I have a deck of $40$ cards. They are equally numbered one to five. This means that there are $8$ ones, twos, threes, fours and fives. I will draw $5$ cards from the deck.
I want to find the probability that one of those cards is a three.
I want to find the probability that all five of the cards are threes.
How do I do this?
On
There are $5$ cards $3$ and $40$ cards in total.
The probability to get exactly one $3$ is $p = 5\cdot \frac{8\cdot 32 \cdot 31 \cdot 30 \cdot 29 }{40\cdot 39\cdot 38\cdot 37 \cdot 36} $.
The probability to get $5$ $3$ is $p = \frac{8\cdot 7\cdot 6\cdot 5\cdot 4}{40\cdot 39\cdot 38\cdot 37\cdot 36}$.
On
Hypergeometric distribution with 8 successes and 32 failures, drawing 5 items without replacement. Let $X$ be the number of successes (3's). [I suppose you are expected to show how to get numerical answers from combinatorial symbols, and to give a rationale for answers. I'll leave the details of that to you.]
From R: Probabilities $P(X = 1), P(X \ge 1), P(X = 5)$
from R, where dhyper is a hypergeometric PDF:
dhyper(1, 8,32, 5)
[1] 0.4371983
1 - dhyper(0, 8,32, 5)
[1] 0.6939612
dhyper(3, 8,32, 5)
[1] 0.04221225
Combinatorial symbols:
$P(X = 1) = \frac{{8\choose 1}{32\choose 4}}{{40\choose 5}}.$
$P(X \ge 1) = 1 - P(X = 1) =1-\frac{{8\choose 0}{32\choose 5}}{{40\choose 5}}.$
$P(X=5) = \frac{{8\choose 5}{32\choose 0}}{{40\choose 5}}.$
Simulation.
With 10 million iterations one can expect two or three place accuracy.
set.seed(1228)
deck = rep(1:5, each = 8)
threes = replicate(10^7, sum(sample(deck, 5)==3))
mean(threes == 1)
[1] 0.4372205
mean(threes >= 1)
[1] 0.6939325
mean(threes==3)
[1] 0.0422606
Bar chart of hypergeometric distribution.
x = 0:3; PDF = dhyper(x, 8,32, 3)
plot(x, PDF, type="h", lwd=3)
abline(h=0, col="green2")
abline(v=0, col="green2")
The second is easier.

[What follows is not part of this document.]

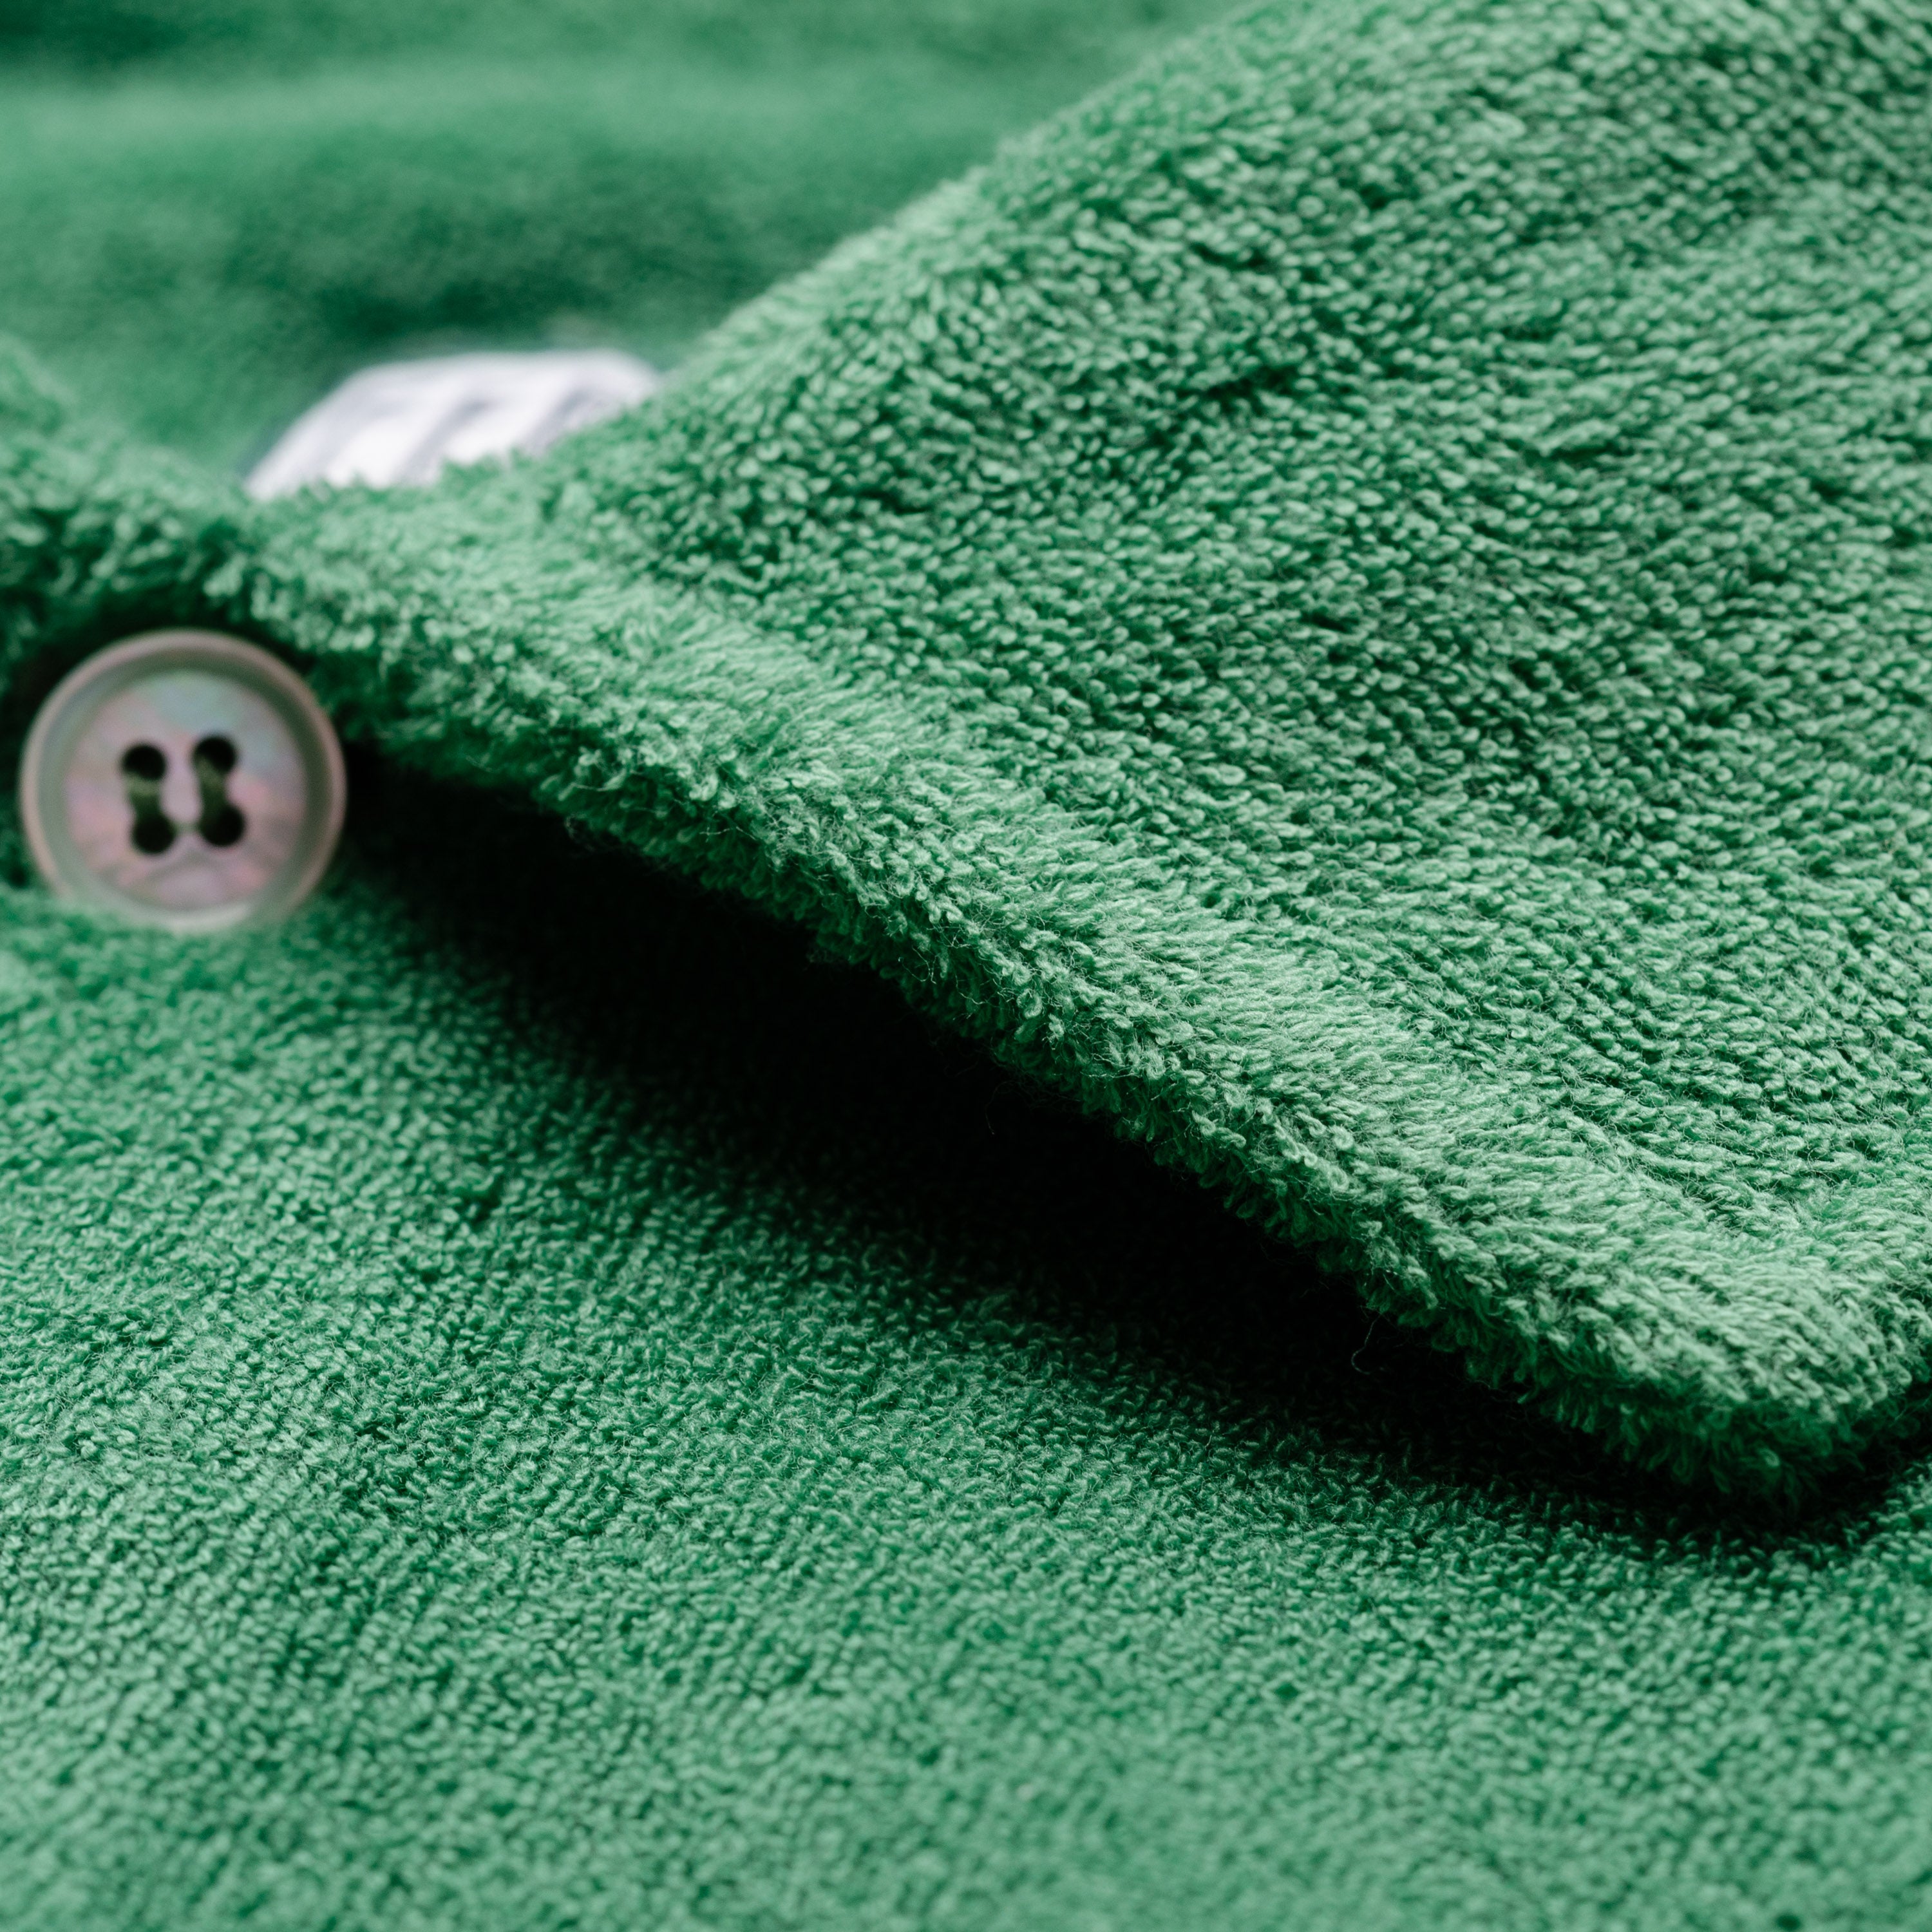 FEDELI "Mondial" Green Terry Cloth Short Sleeve Polo Shirt NEW Slim Fit FEDELI
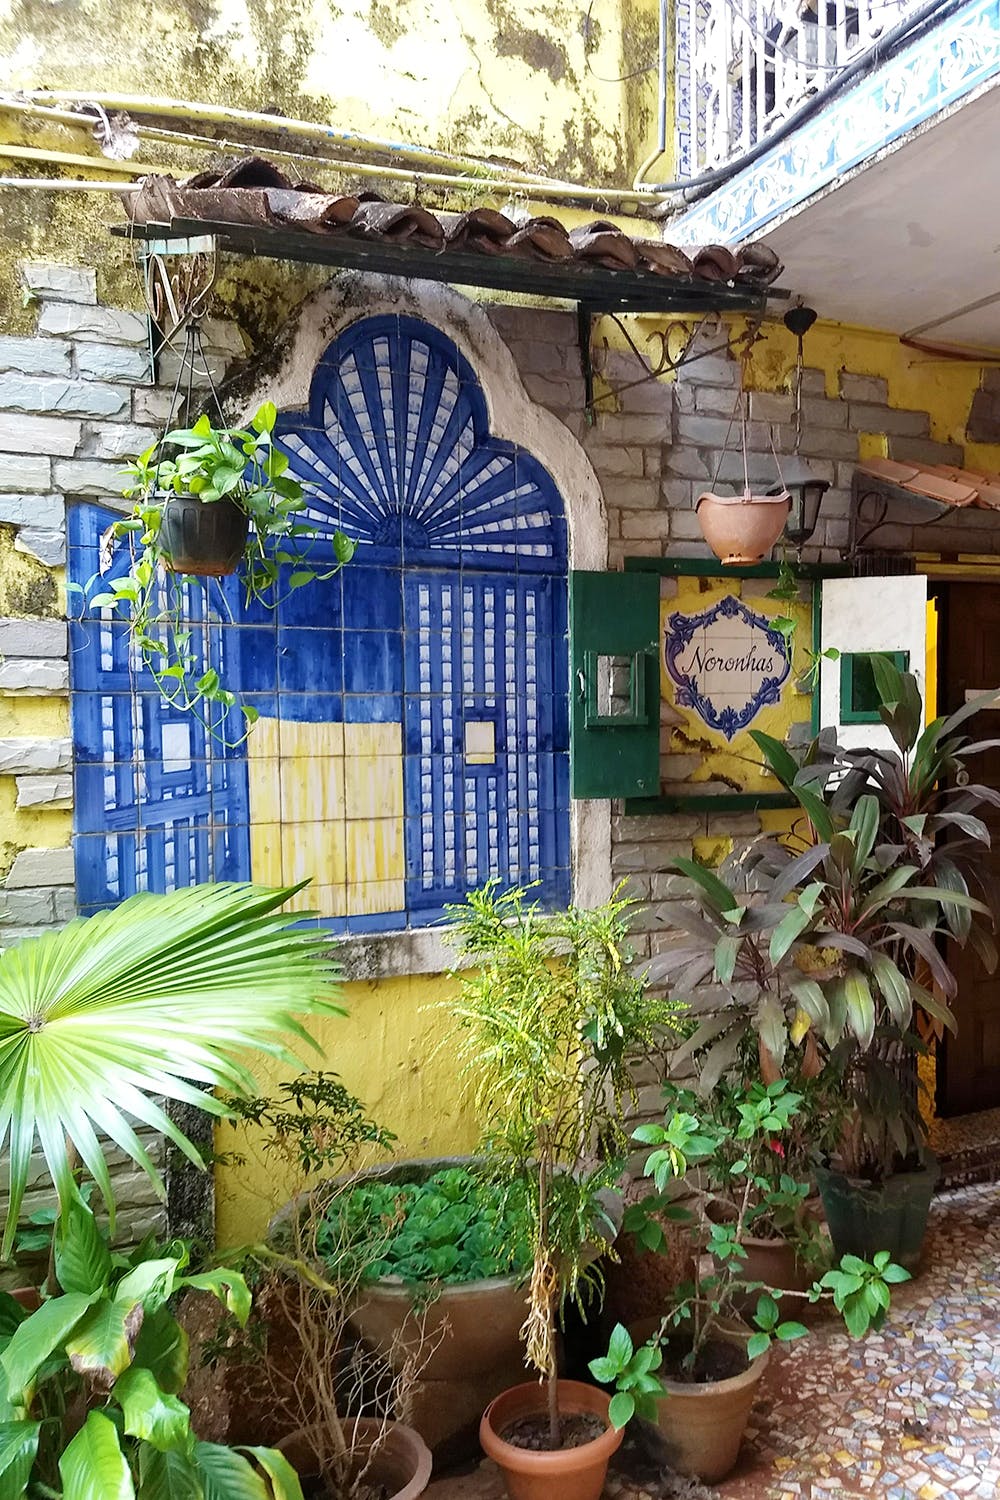 A P Fernandes in Old Goa,Goa - Best Gift Shops in Goa - Justdial

How many possible ways are there to pick a group of $5$ cards from a set of $40$? How many of these groups are all threes?
For the first, the answer is $$5\times\frac{8}{40}\times\frac{32}{39}\times\frac{31}{38}\times\frac{30}{37}\times\frac{29}{36}.$$ Can you see how each of these fractions arise?